L’arbre du secteur automobile a été beaucoup ébranlé, et en 2025 nous en verrons les conséquences. L’ordre établi a été brisé et la transformation du secteur a fait de ce qui était auparavant sûr une chimère. La législation, l’environnement, les processus de production, les acteurs industriels, la technologie et la politique (beaucoup) se sont réunis dans une tempête parfaite qui entraîne l’automobile (surtout en Europe) vers une dérive imprévisible. Et nous ne sommes pas des catastrophistes.
L’automobile est entrée dans une nouvelle ère, une révolution qui va entraîner le changement de nombreuses habitudes et de nombreuses croyances. Plusieurs fronts méritent d’être analysés : la mise en place du véhicule électrique, la poussée de la Chine, la crise industrielle européenne, l’arrivée de Donald Trump (et d’Elon Musk) à la présidence des États-Unis, les fusions au Japon et la réglementation environnementale. . Un cocktail plus Molotov qu’autre chose. Secouez et éclatez.
Des attentes frustrées
L’émergence du véhicule 100 % électrique, qui suscitait bon nombre d’attentes il y a 10 ans, reste un élément inconstant et qui évolue lentement. L’Europe n’a pas fait ses devoirs au niveau des politiques industrielles face à une déroute folle des politiques environnementales.
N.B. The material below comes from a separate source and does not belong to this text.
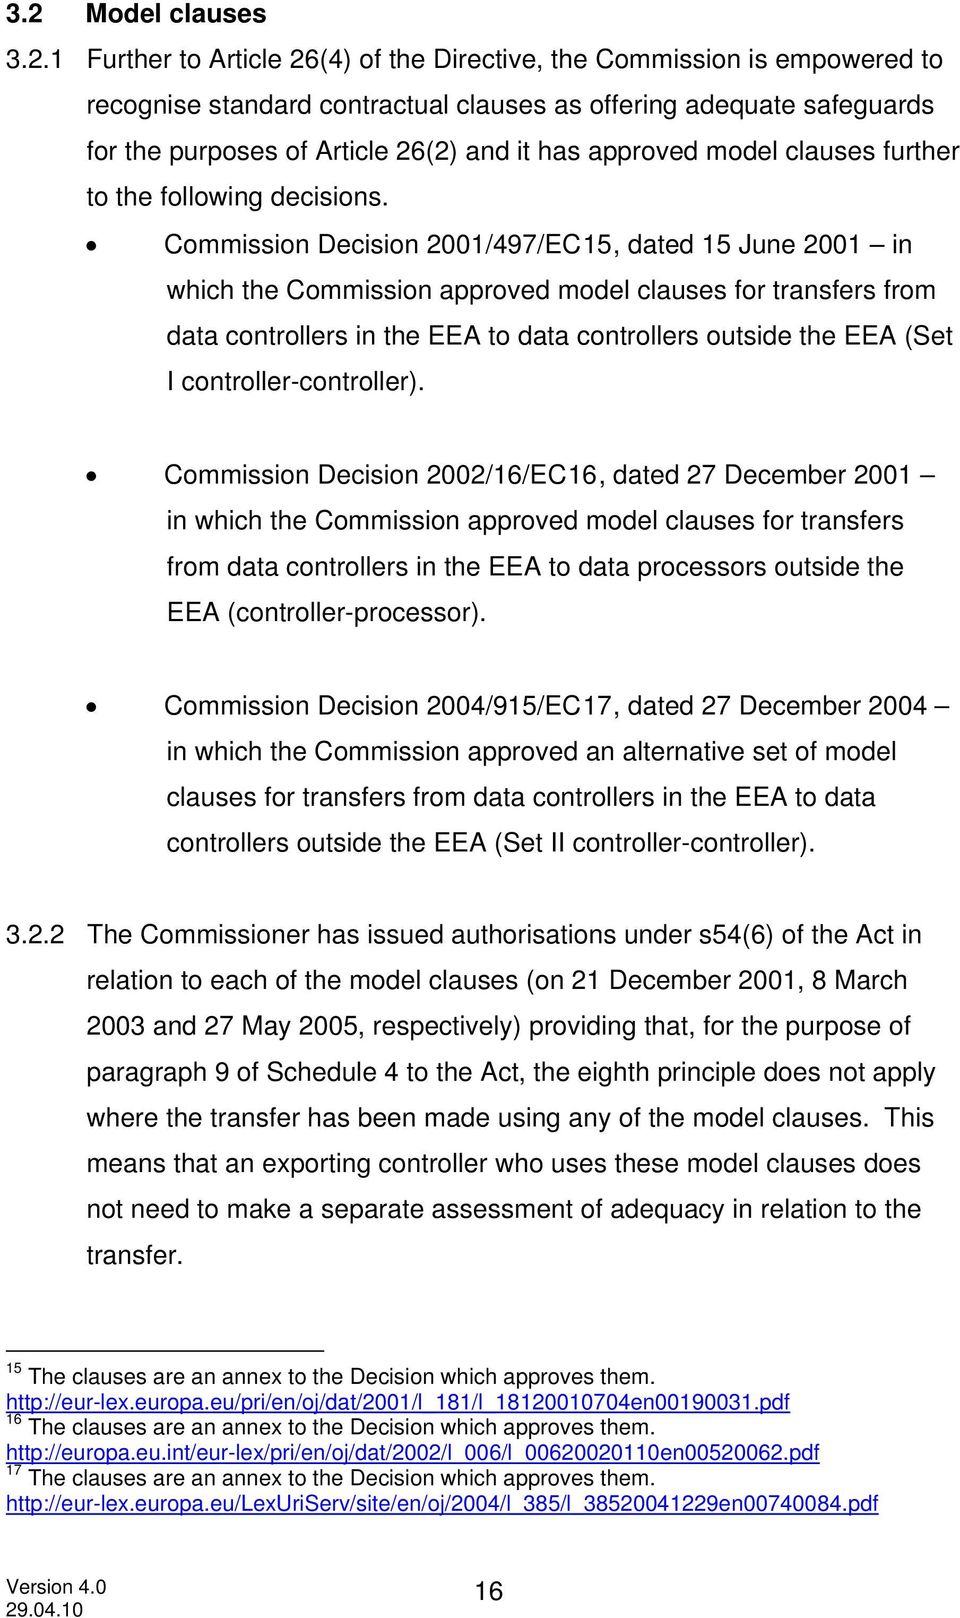 Commission Decision 2001/497/EC15, dated 15 June 2001 in which the Commission approved model clauses for transfers from data controllers in the EEA to data controllers outside the EEA (Set I
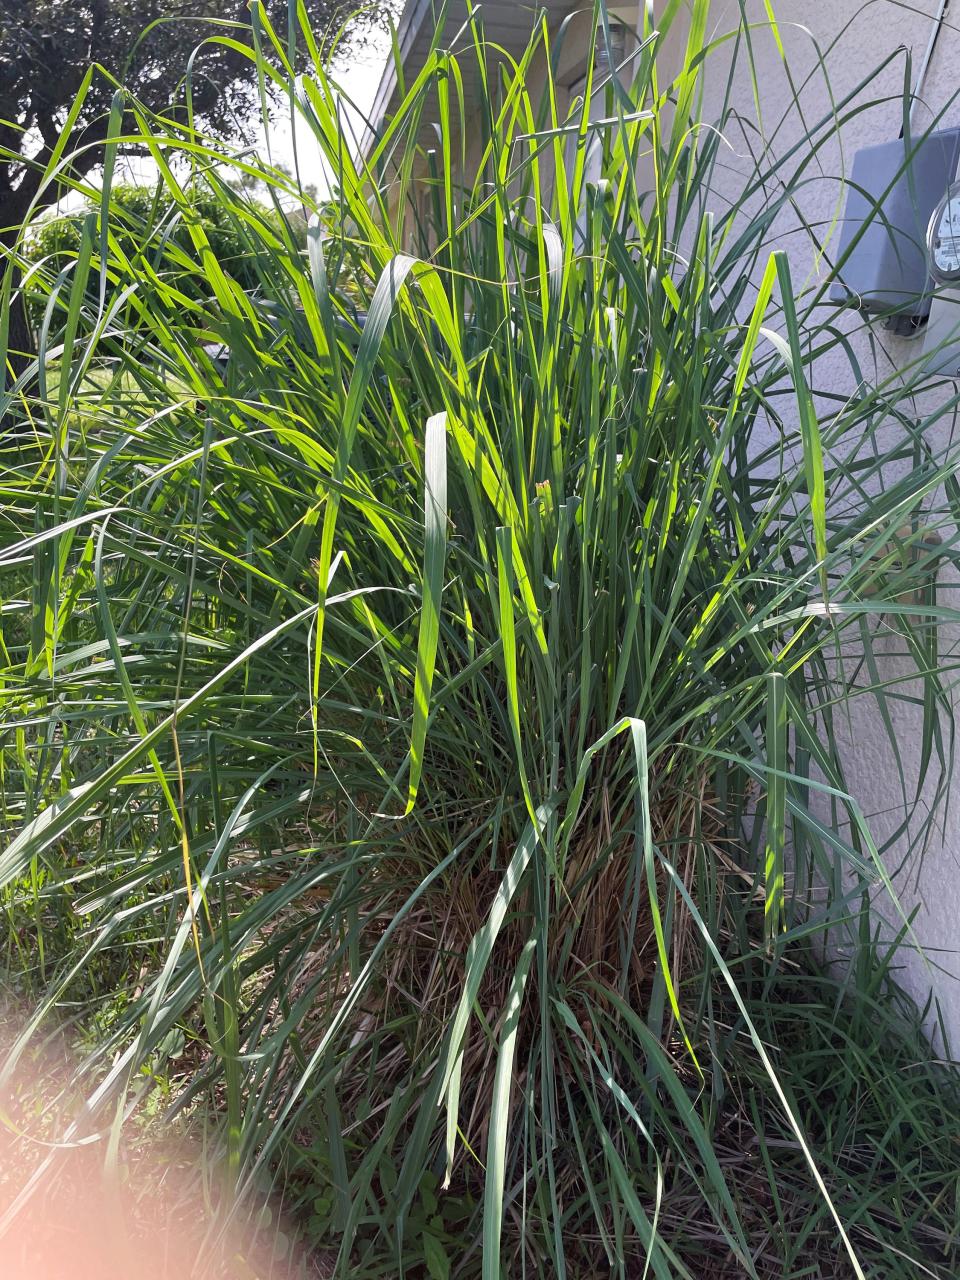 Ornamental grasses can provide texture and variety to offset your flowering plants. They come in multiple shapes, heights, and foliage colors. Grasses that are easy to care for include lemongrass.

La réalité est qu’à la fin de 2024, Le marché de la voiture électrique atteint à peine 14% en Europe et dans le monde il n’est que de 2%. Les différents pays de l’Union européenne affichent des chiffres différents : de plus de 96% en Norvège à 5,4% à la Pyrrhus en Espagne. Au cours de la dernière année, le marché des voitures électriques a connu un déclin à deux chiffres mois après mois dans notre pays et il ne s’est que légèrement amélioré à la fin. Et si l’on regarde le marché mondial des véhicules dits électrifiés (nom qui regroupe les électriques, les hybrides et les rechargeables), les chiffres sont plus alarmants avec une croissance annuelle de seulement 1,9%, très loin des prévisions.
La Chine, malgré les tarifs douaniers européens, continuera de croître avec les voitures électriques et les hybrides essence.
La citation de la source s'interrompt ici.